Task to complete
The listing below must be repeated word for word, with its images excluded.

Given material
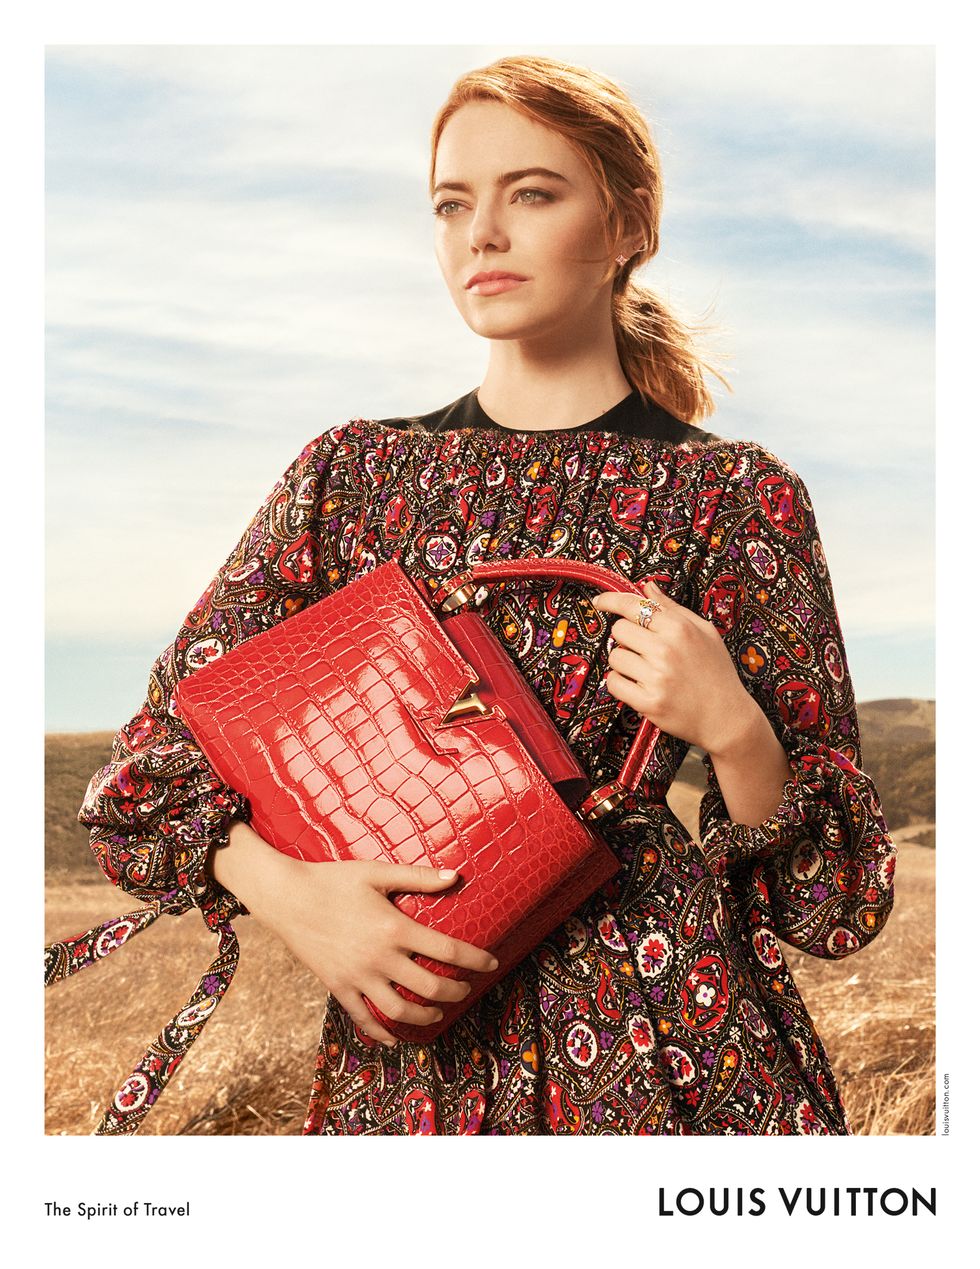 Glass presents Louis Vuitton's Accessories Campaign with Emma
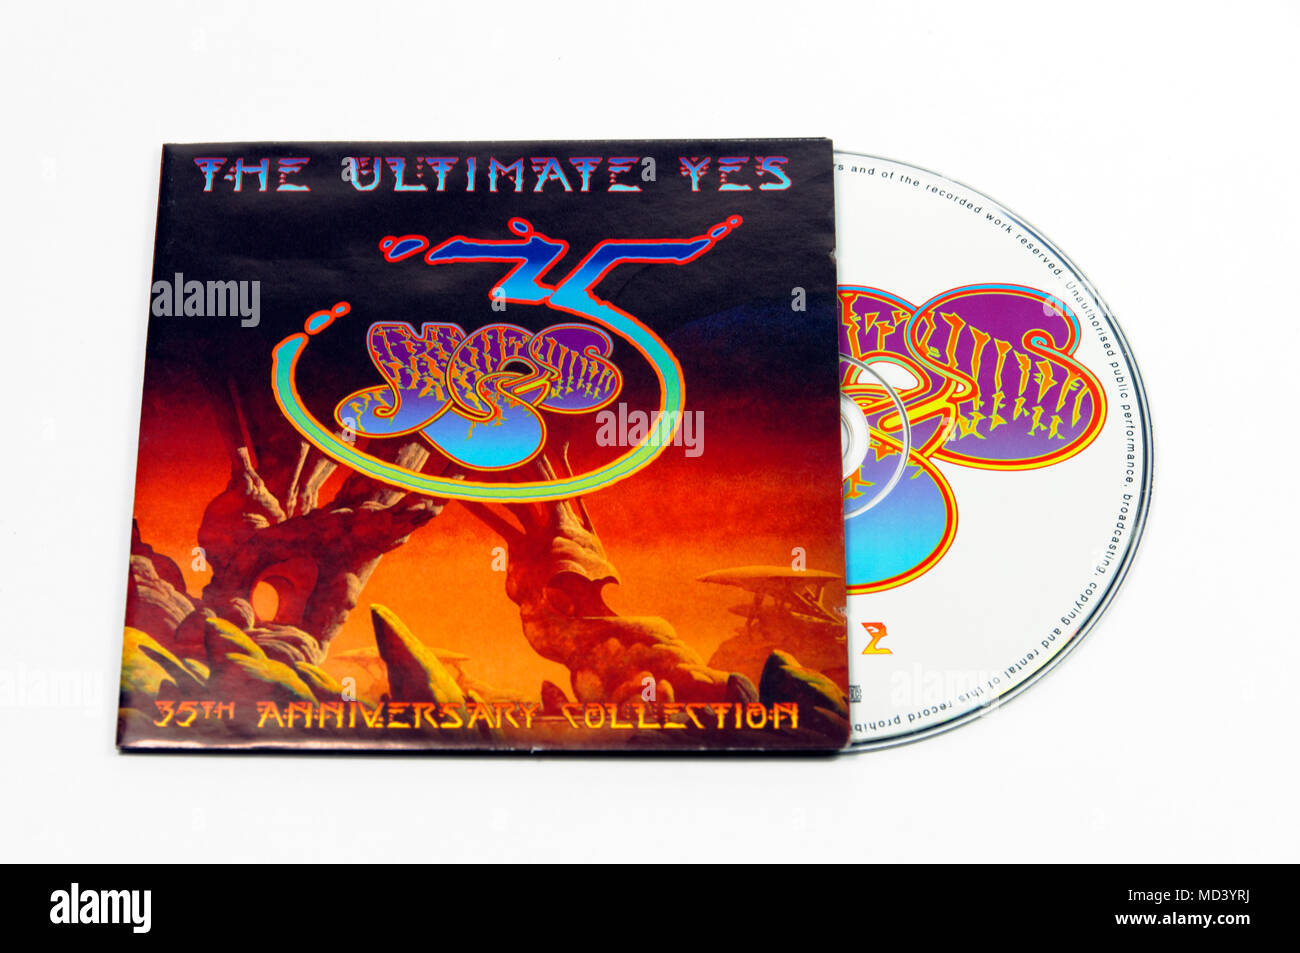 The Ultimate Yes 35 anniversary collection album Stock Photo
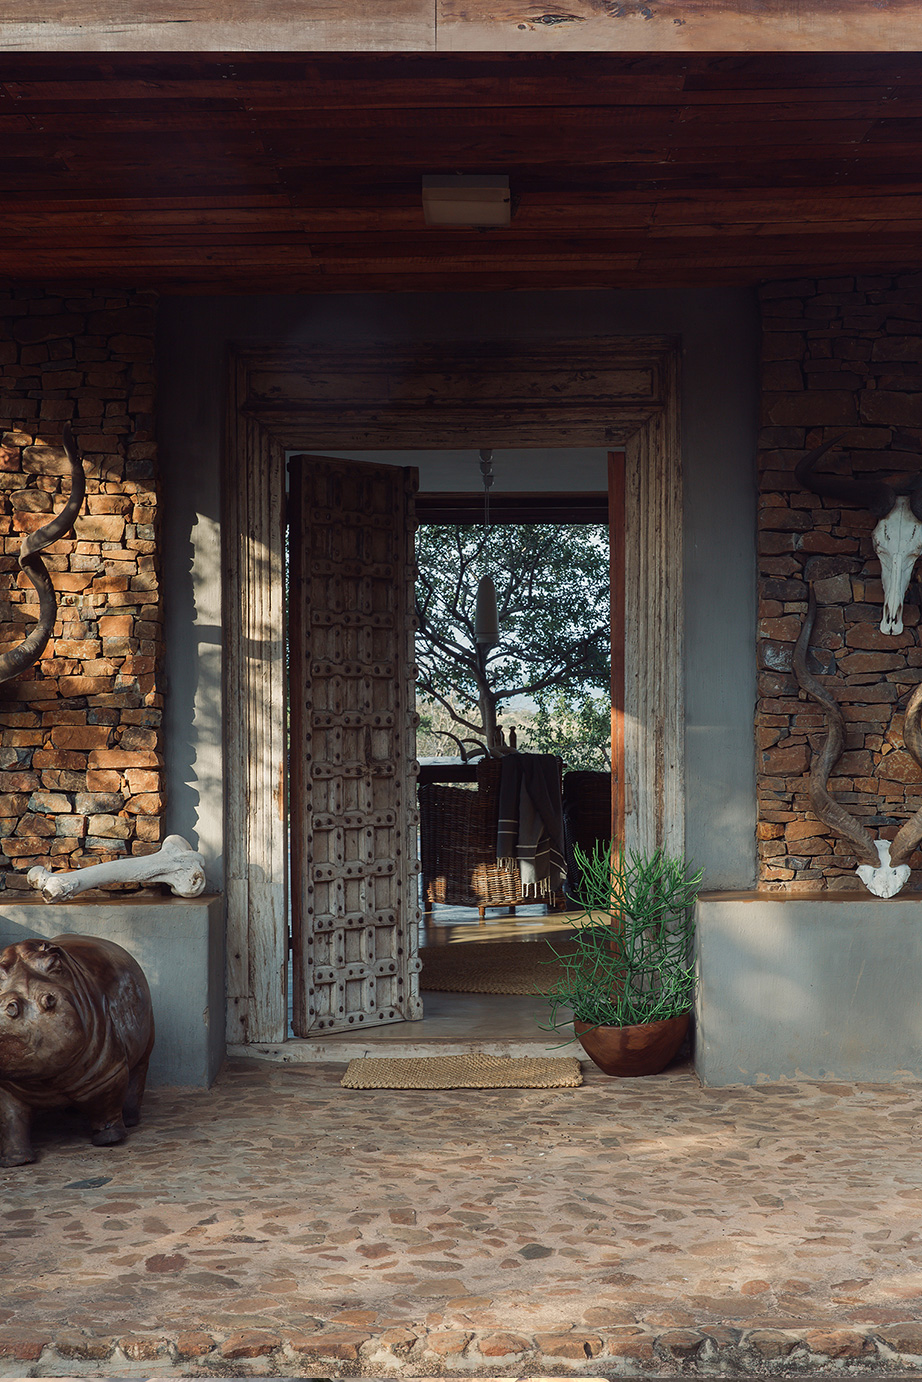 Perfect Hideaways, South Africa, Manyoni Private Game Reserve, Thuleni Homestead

Response area
 Glass presents Louis Vuitton's Accessories Campaign with Emma
 The Ultimate Yes 35 anniversary collection album Stock Photo
 Perfect Hideaways, South Africa, Manyoni Private Game Reserve, Thuleni Homestead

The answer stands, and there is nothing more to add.